Program 1 Juta Rumah untuk Rakyat Dinikmati 70 Persen MBR

- Senin, 17 Februari 2020 | 14:12 WIB
Foto: istimewa
Foto: istimewa

JAKARTA, suaramerdeka.com - Wakil Presiden Republik Indonesia  Ma’ruf Amin mengatakan, dalam kurun waktu lima tahun ini, program 1 juta rumah untuk rakyat ini 70 persen sudah dinikmati oleh masyarakat berpenghasilan rendah (MBR). Untuk itu, pemerintah akan memperbanyak program bagi MBR, terutama di sektor informal seperti tukang ojek, pangkas rambut sampai  petugas penjaga masjid agar bisa memiliki hunian dan rumah.

Dijelaskan, untuk pencapaian program 1 juta rumah selama  tahun 2018 -2019 sudah mencapai  angka di atas 1 juta unit. Namun pencapaian tersebut masih perlu ditingkatkan apalagi saat ini kalangan milenial banyak yang ingin memiliki rumah. Kyai Ma’ruf juga meminta agar BTN menyasar kalangan milenial yang saat ini diperkirakan mencapai  81 juta orang atau 30  persen dari jumlah penduduk Indonesia.

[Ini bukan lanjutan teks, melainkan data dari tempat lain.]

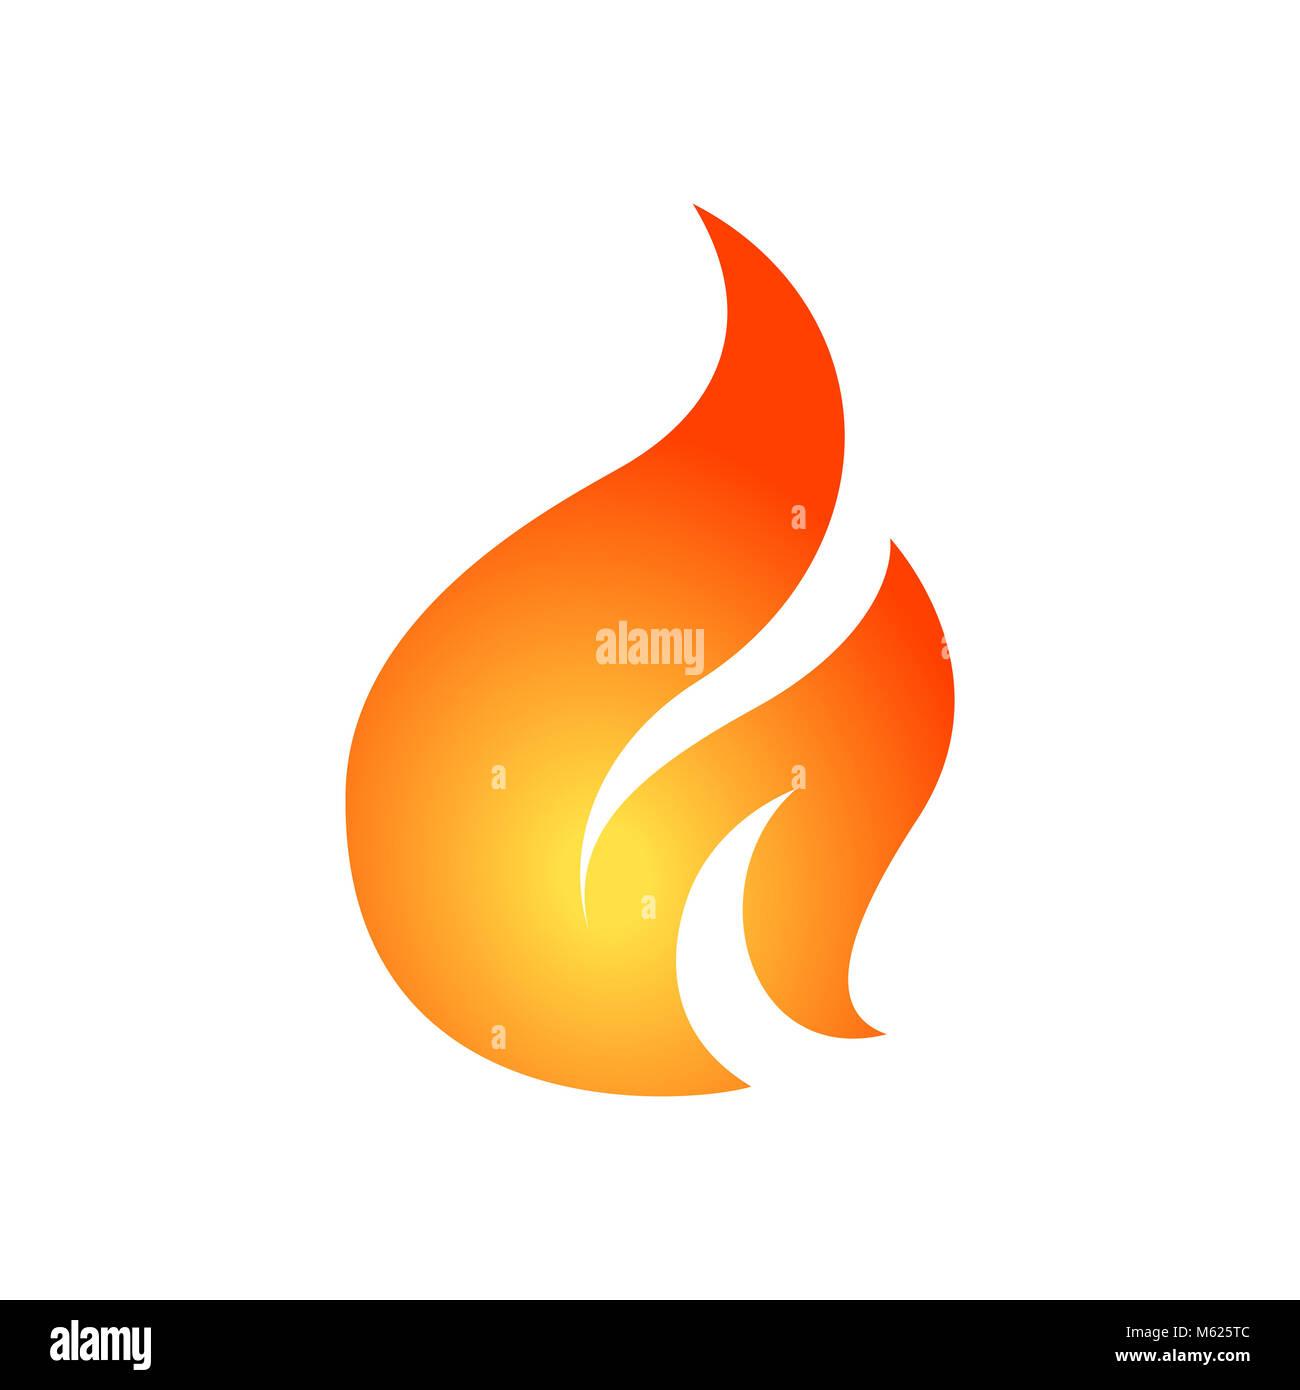 Fire Flame Logo Design Vector Stock Photos & Fire Flame Logo Design ...

"Jumlah milenial mencapai  81 juta orang atau 30  persen dari jumlah penduduk Indonesia.  Untuk itu pemerintah perlu mendorong pengembang untuk bisa menyediakan rumah untuk bisa dinikmati para milenial. Pengembang tidak hanya perhatikan konsep modernitas saja, tetapi juga harus memperhatikan  konsep rumah berbudaya, religius  serta air dan sanutasinya sudah tersedia,” tegasnya.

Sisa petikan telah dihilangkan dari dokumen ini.